My fifth suggestion regarding the crisis of leadership in the Church concerns, perhaps, the most fundamental change of all. We must improve in a major way how the Church identifies and calls priests to be bishops/leaders.

Most important of all, there must be an open process. This means every adult member of the Church should have an opportunity to know how it is done and to participate in the process in some significant way.

At the present time there are criteria for naming bishops which have never been made known to the whole community. It is my conviction that these criteria eliminate priests who would be most qualified to be leaders.

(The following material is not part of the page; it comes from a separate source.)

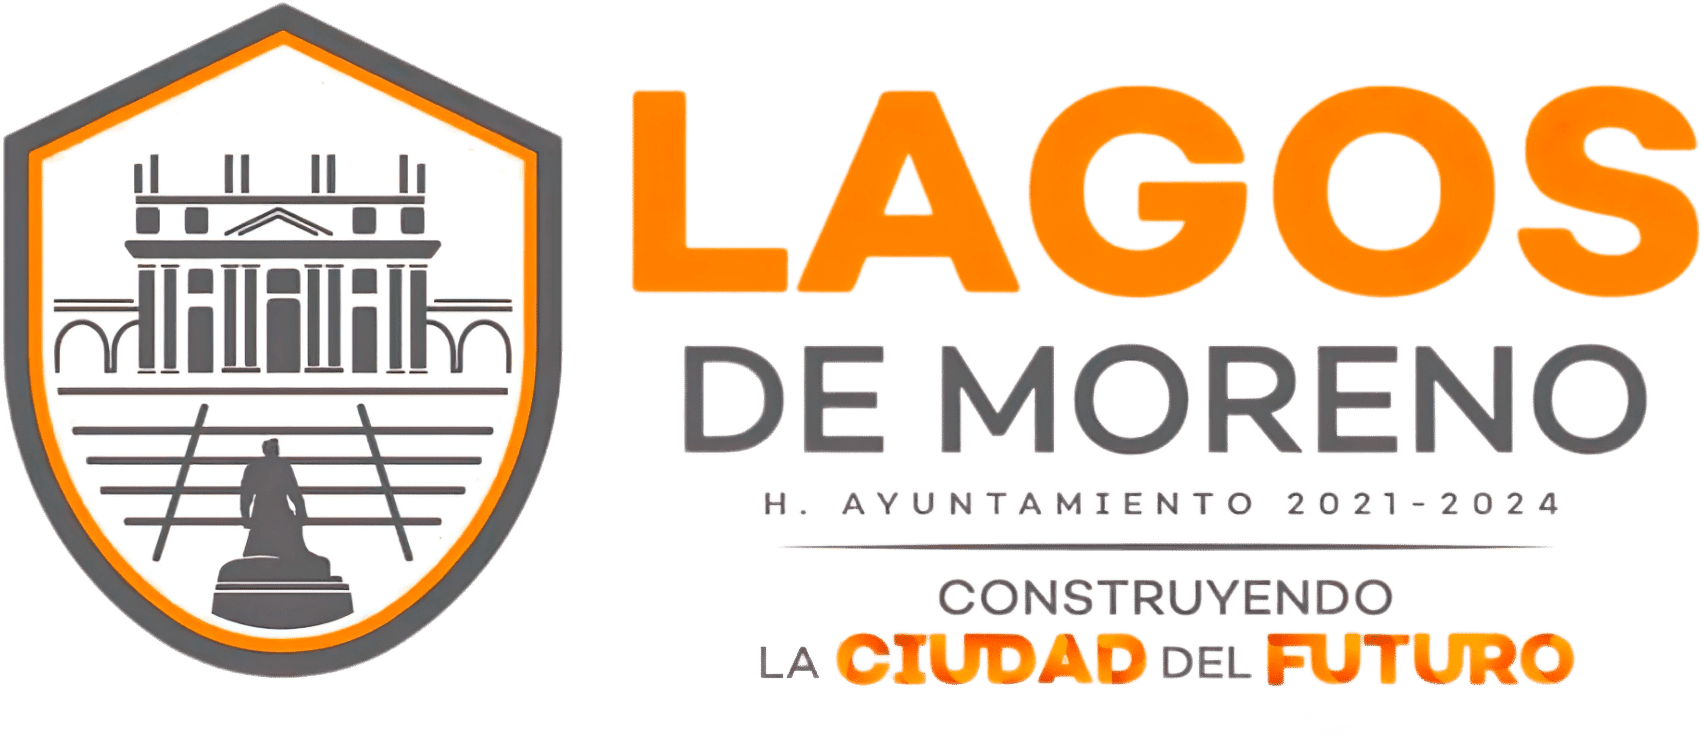 portal del Gobierno de Lagos de Moreno 2021-2024

Others may not agree with this, but I believe a public discussion of the issue would be most fruitful. Let the whole community determine what qualities they expect in their leaders.

An open process and a participatory process would require that people who are to be considered for bishop would be nominated by the people and that the names and resumes of those who accepted nomination would be made public. A special committee representative of the whole diocese would be given the responsibility to narrow down the list of candidates to a number desired by the Holy See and only those names would be forwarded to Rome.

A process such as this would be much closer to the way bishops were named in the early Church. It would also be more consistent with the way we name other leaders in our society and would provide us with more genuine leaders.

I understand that this five part proposal would be very difficult to agree on. It would be an extraordinary challenge for our bishops and our Church to accept. But I am convinced that if we make this kind of a policy and move in this direction that we will restore to our Church a priesthood that will be able to function in a way that will bring great energy and life to our Church.

I hope that all of us will join in a spirit of prayer and a continued spirit of hope and trust that God will lead us in the direction we must go; that the bishops of our Church will fulfill the leadership role that has been entrusted to them; and that we will finally resolve this crisis and move forward as a very vibrant Church in the United States once more.